**Exercise instructions:**
For the material below, reproduce exactly each line from the one that has "Maytex Magnetic Shower" through the one that has "Sequined Sweatshirt with", and no others; pictures stay out.

**Recorded information:**
——————————
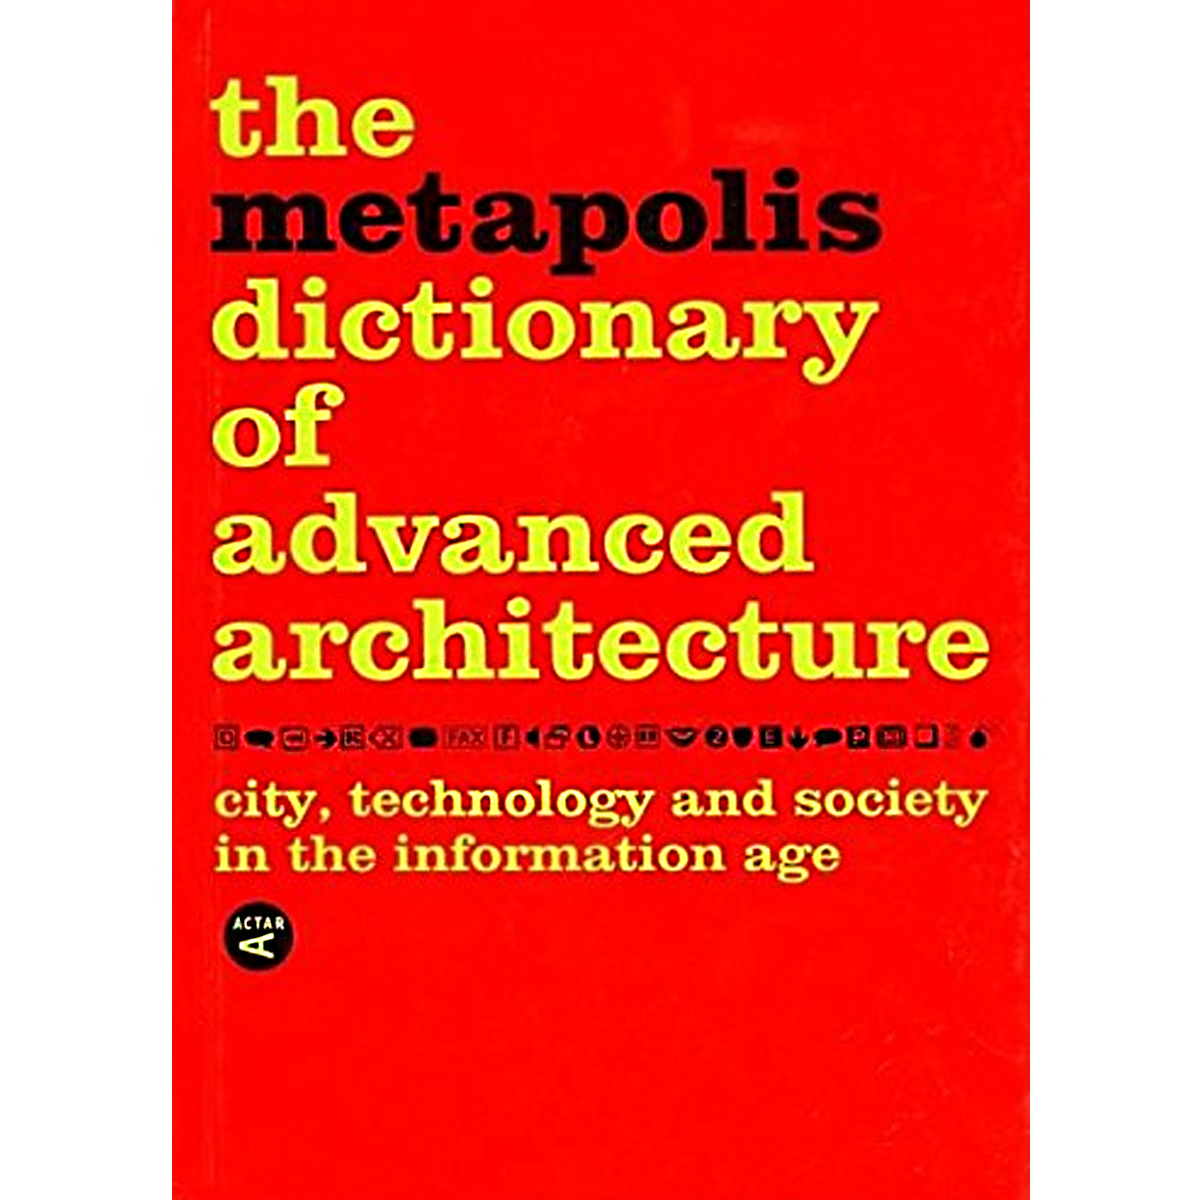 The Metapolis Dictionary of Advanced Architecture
——————————
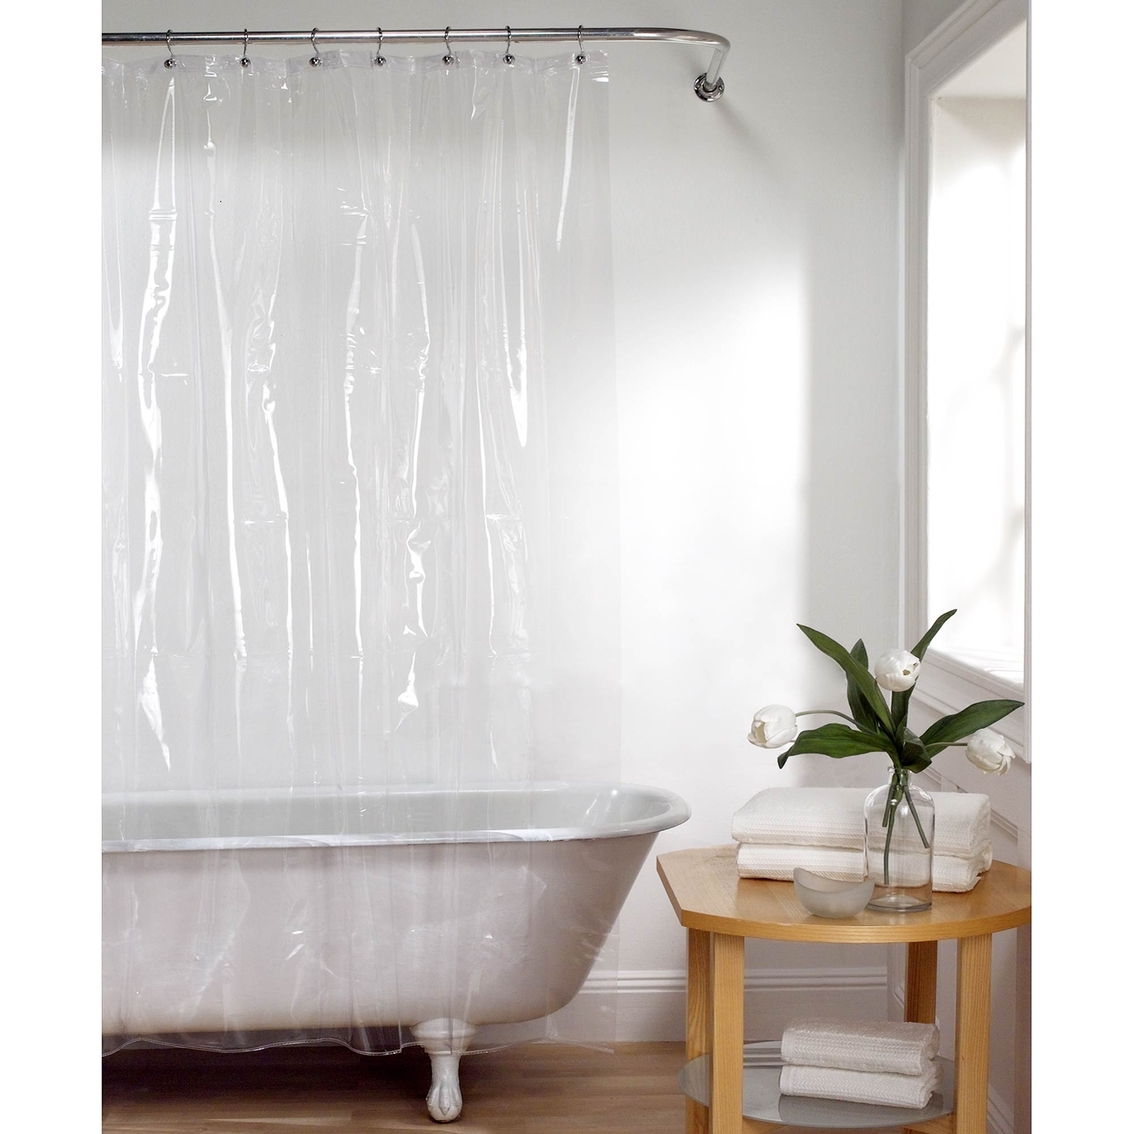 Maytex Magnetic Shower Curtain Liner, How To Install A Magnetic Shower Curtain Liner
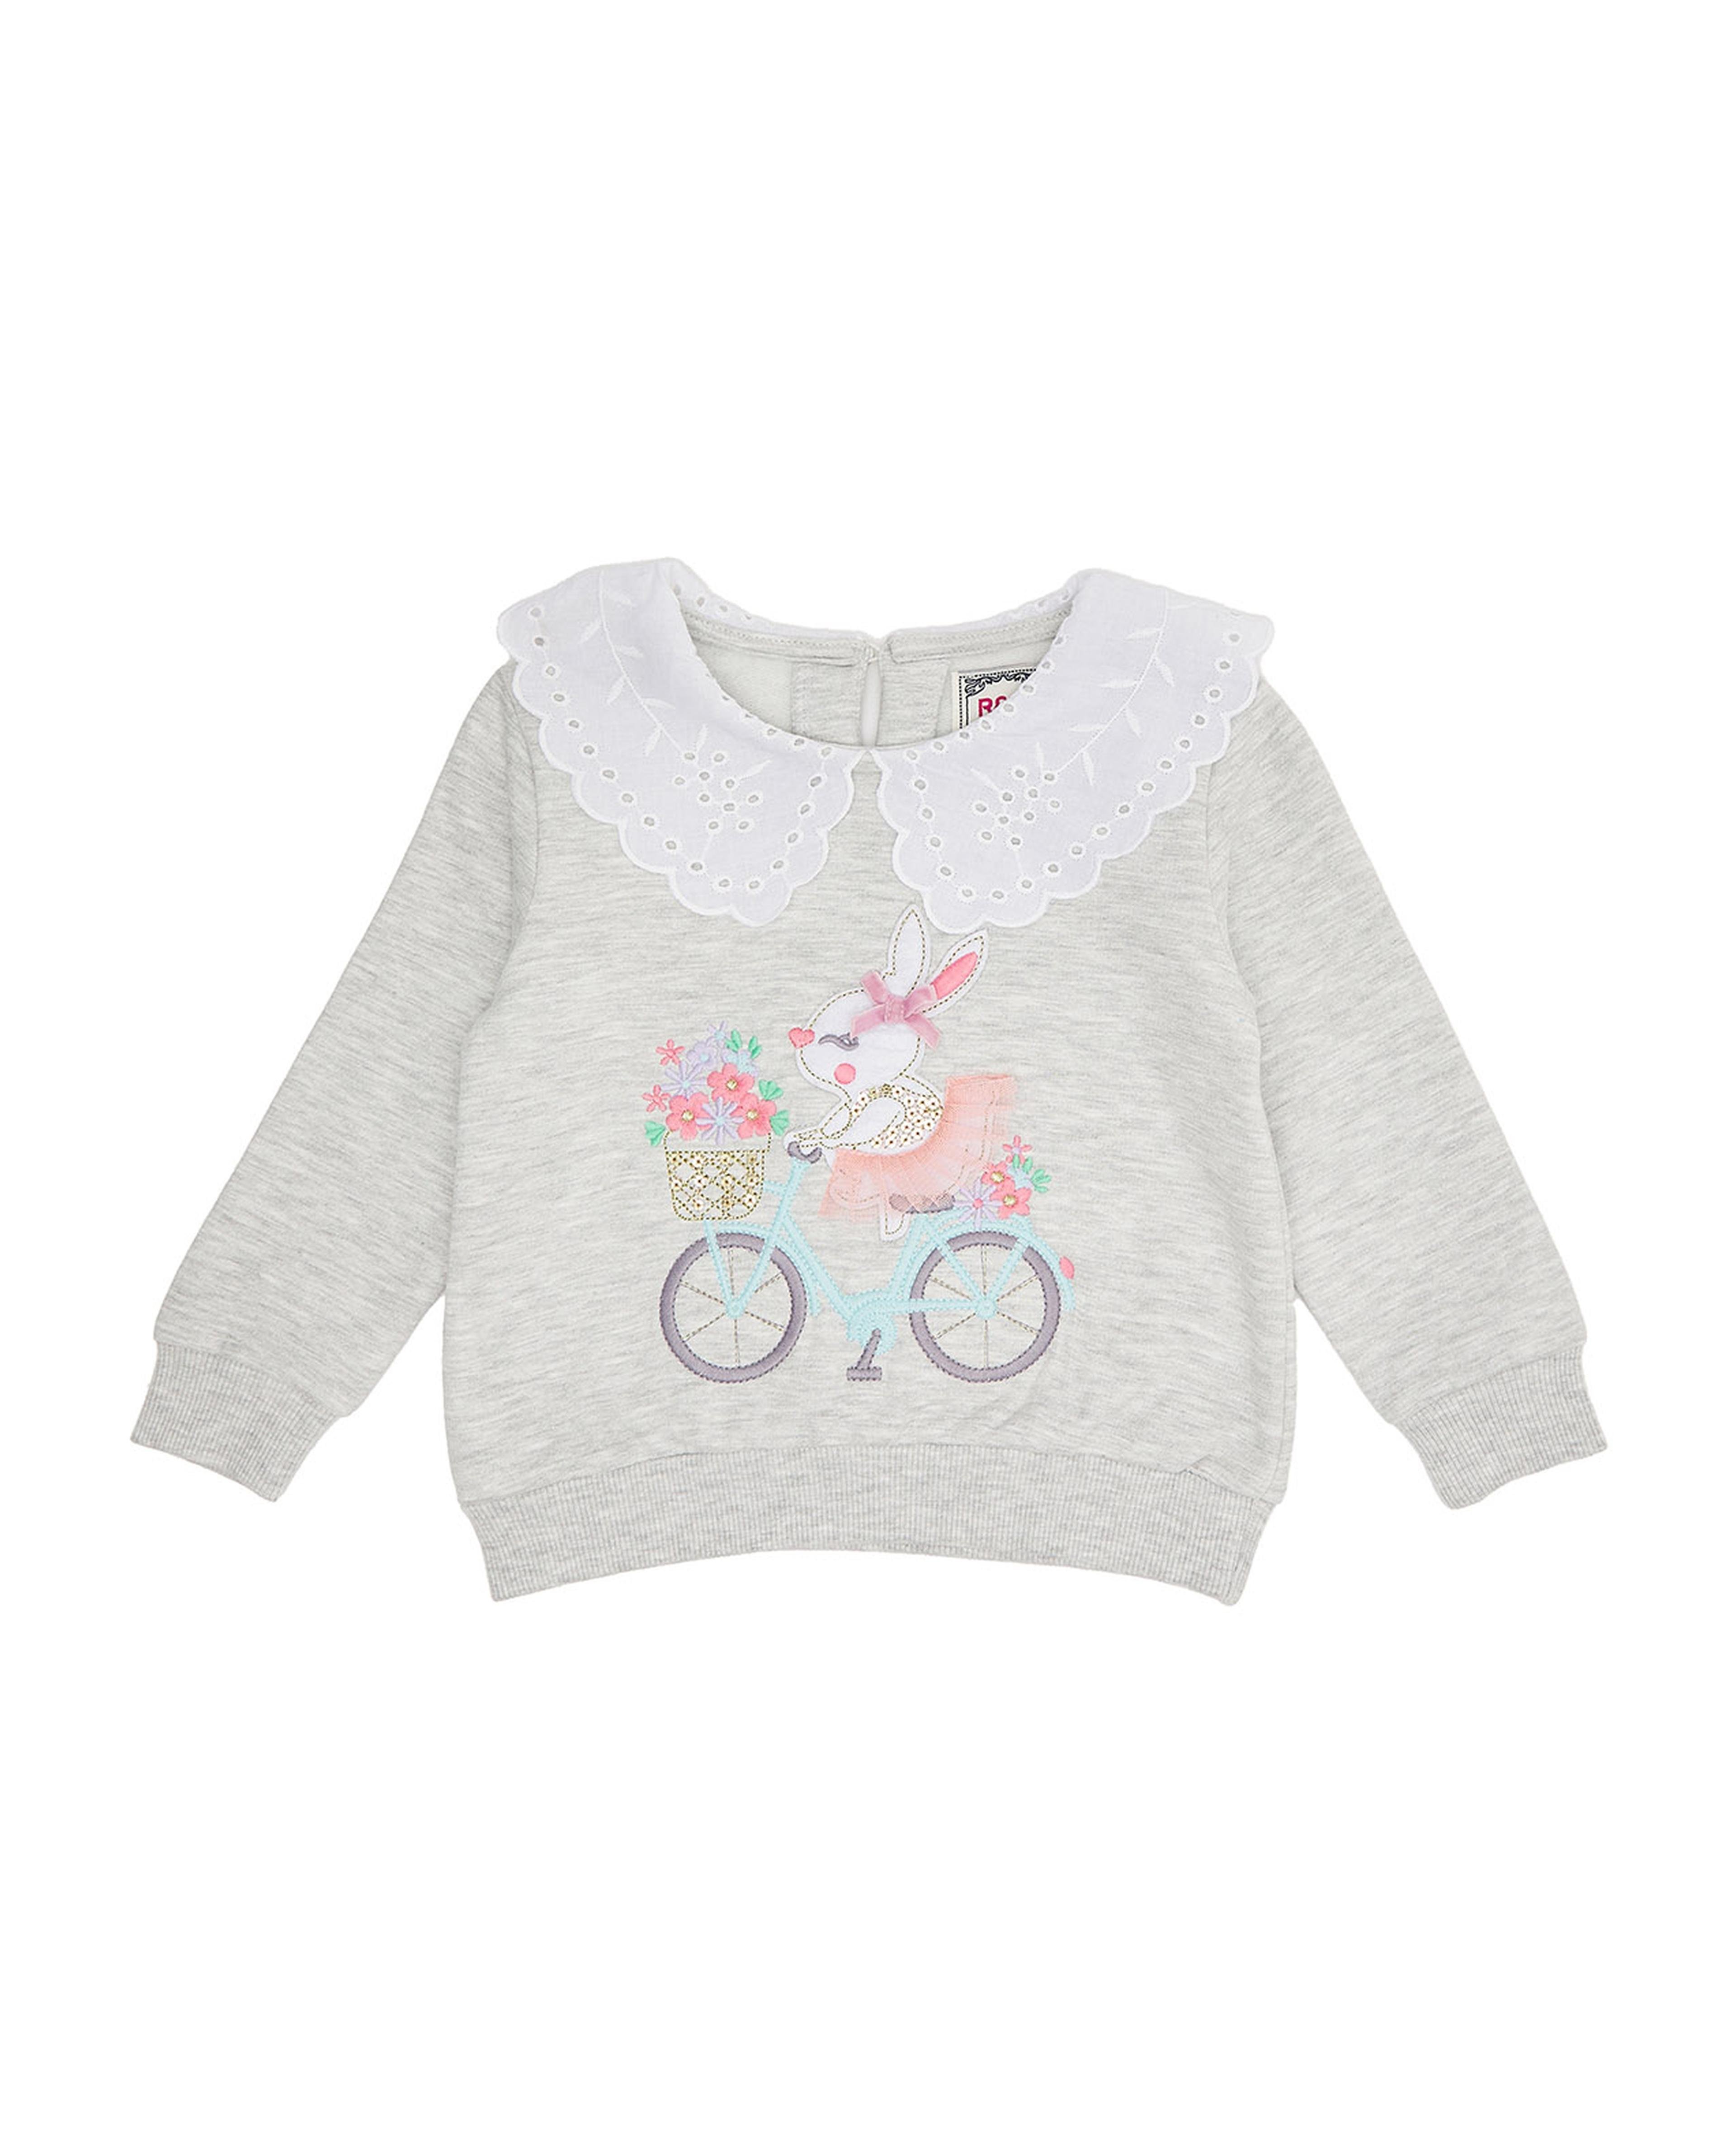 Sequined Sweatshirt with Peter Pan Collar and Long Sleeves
——————————
**Task output:**
 Maytex Magnetic Shower Curtain Liner, How To Install A Magnetic Shower Curtain Liner
 Sequined Sweatshirt with Peter Pan Collar and Long Sleeves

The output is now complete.